Moldova has had observer status in the organization since 2018, but has decisively moved toward European integration since the start of Russia’s full-scale invasion of Ukraine in 2022. As Moldova’s former Defense Minister, Anatol Shalaru, noted that joining the trade bloc is now impossible from a logistical point of view, as the landlocked country shares no borders with EAEU members, and exports would need to travel through Ukraine (Nokta.md, August 1, 2024). None of the main candidates for Moldova’s recent presidential election mentioned the EAEU, and the candidates considered formal EU membership inevitable (RTVI, October 19, 2024; see EDM, October 31, 2024).

Russia’s Deputy Premier Minister Aleksei Overchuk reacted to the approval of legislation by Armenia’s Parliament to begin the accession process into the European Union by comparing the move with purchasing a ticket for a trip on the Titanic. He also underscored that the European Union’s free trade zone would be incompatible with the EAEU and warned that energy prices would increase and Armenia’s export market would shrink dramatically (Rossisskaya Gazeta, January 9).

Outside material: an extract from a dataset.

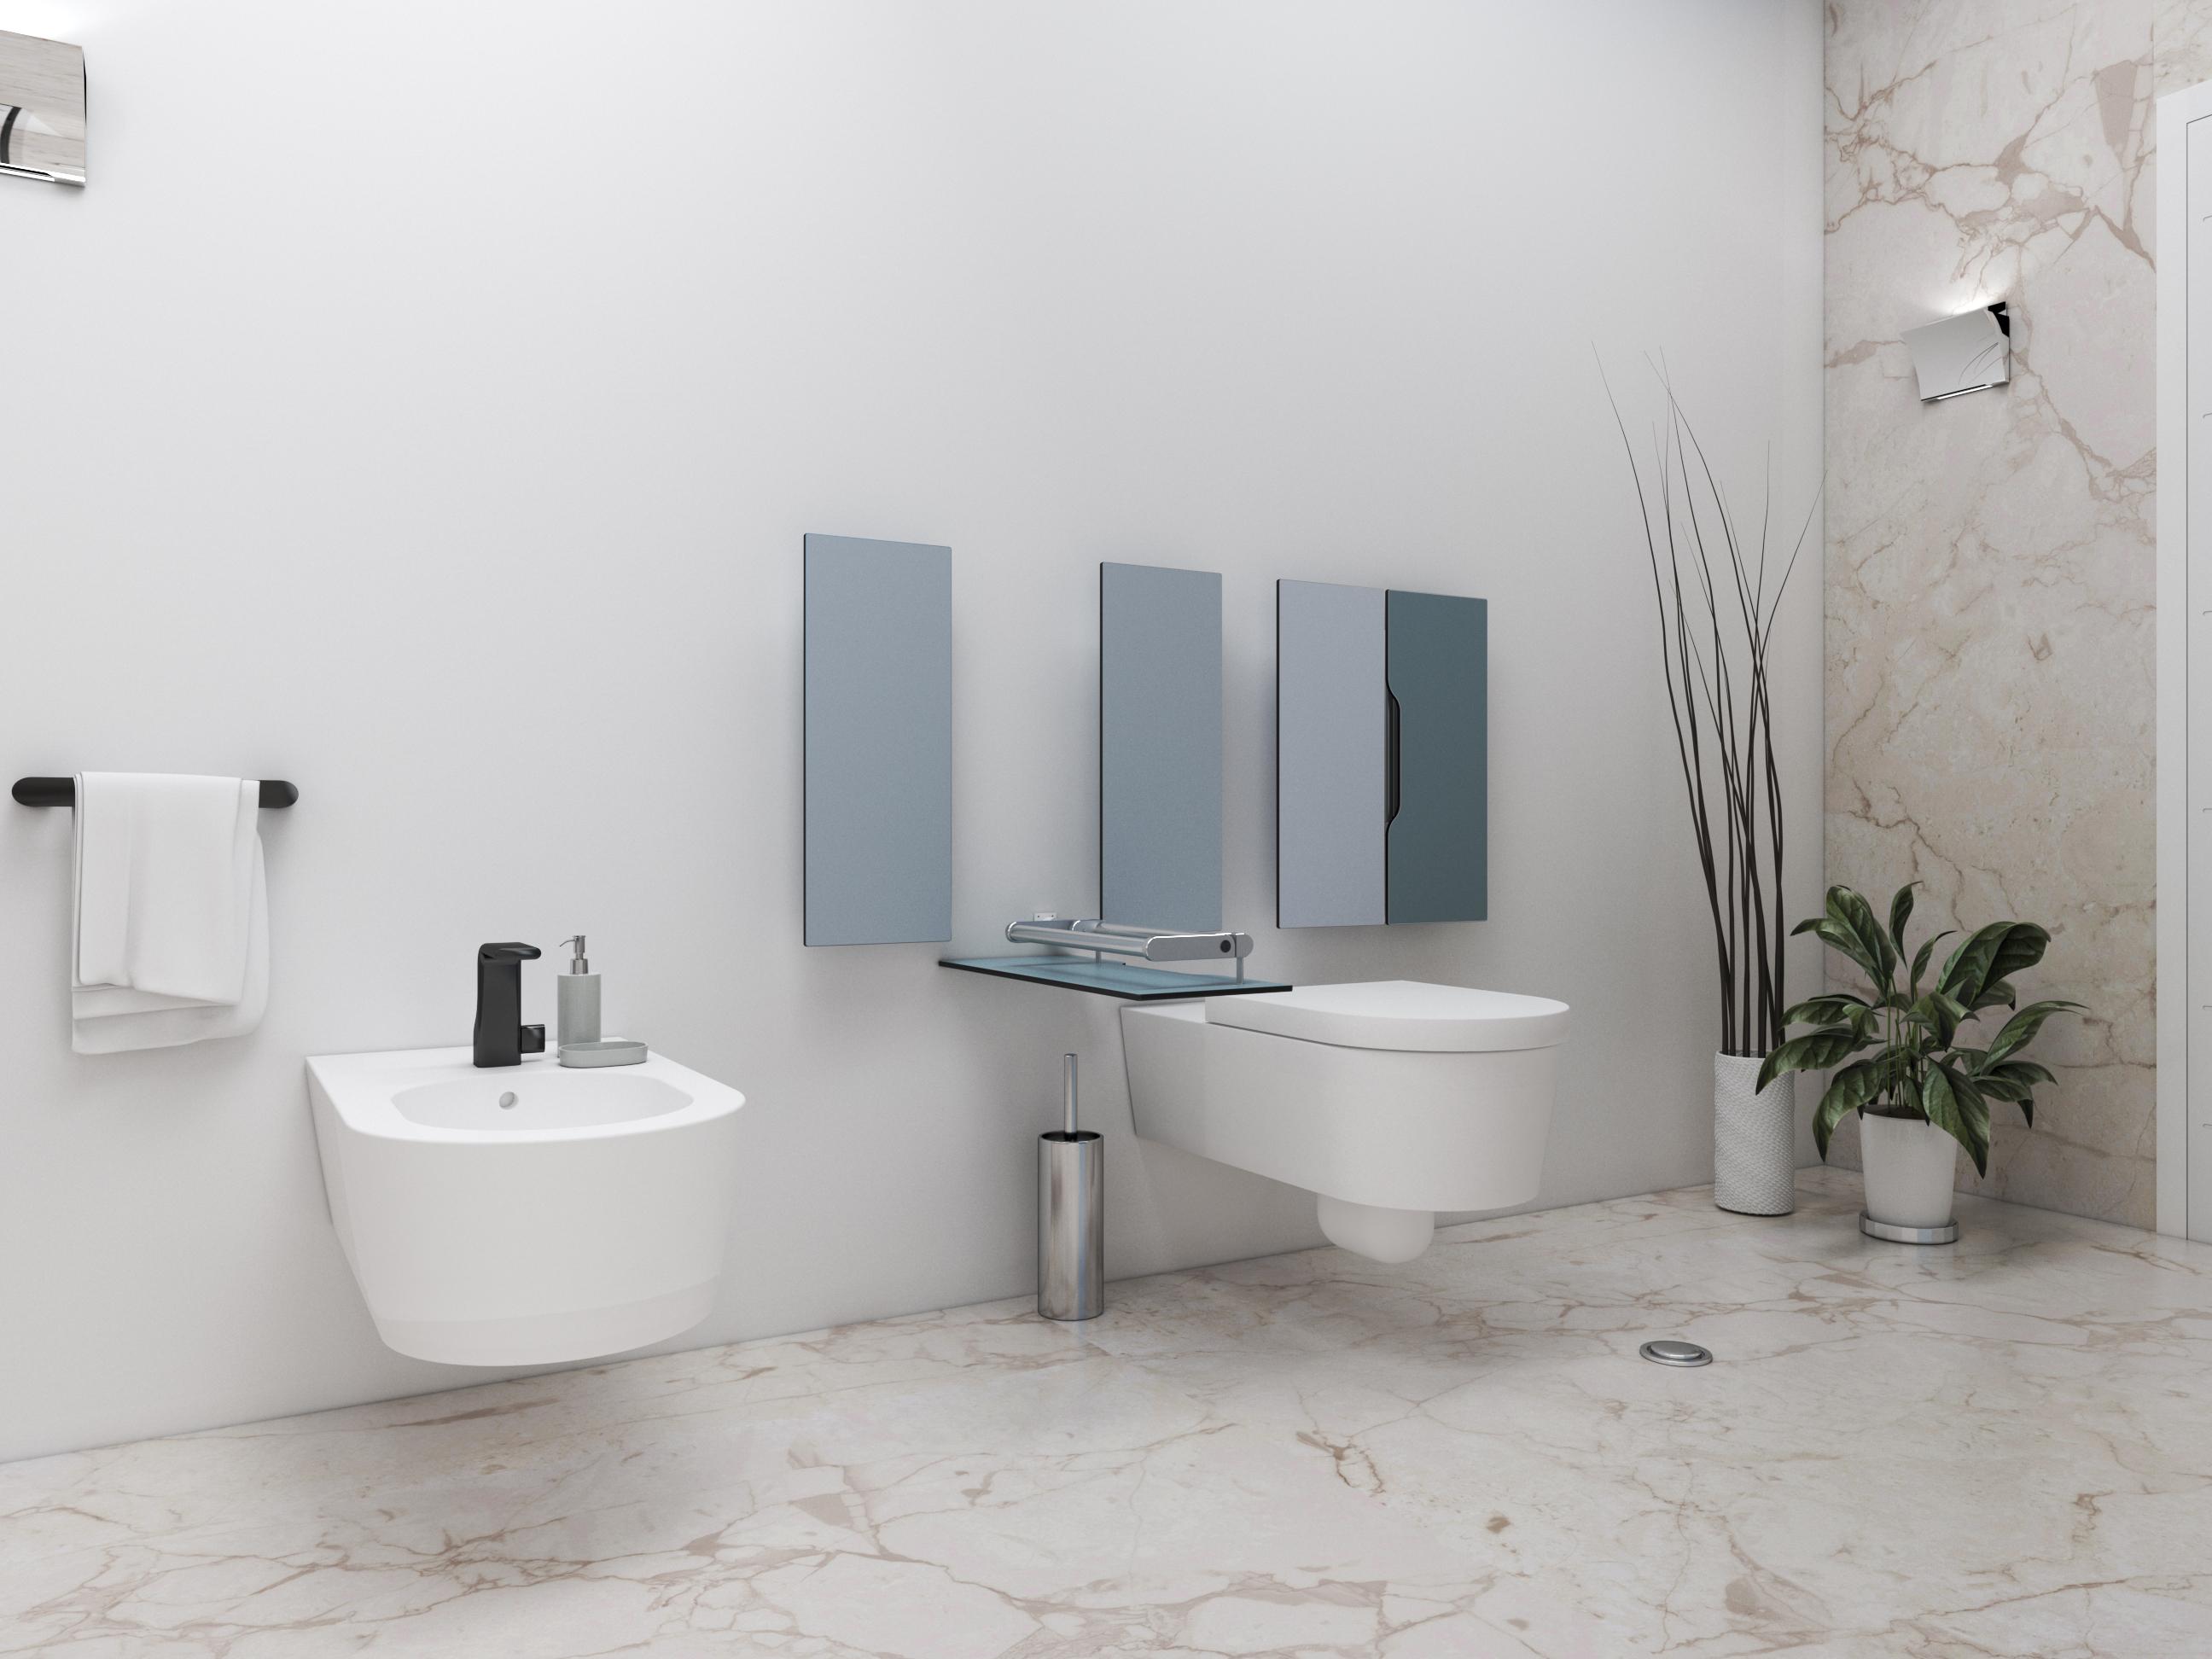 Un bagno con il sistema a scomparsa Ivy Collection

The EAEU was initially proposed by the first President of Kazakhstan, Nursultan Nazarbayev. He recognized that his country, a land-locked state sharing a vast border with Russia, would remain dependent on its northern neighbor for pipelines and logistics, leading him to propose the project in 1994 (Kazpravda.kz, accessed February 25). His dream of a free trade zone in a world increasingly dominated by such agreements transformed Putin’s hands into a geopolitical project designed to cement Russia’s influence over Eurasia. Unfortunately for Moscow, events over the past year have underscored the bloc’s inability to draw other states in its immediate neighborhood into formal membership, while fears continue to grow in Moscow that Armenia will decisively exit the organization. The trade bloc remains one of the Kremlin’s most important priorities and should be closely monitored to understand the shifting dynamics and competing interests in the region, as well as potential challenges to Moscow’s dominance moving forward.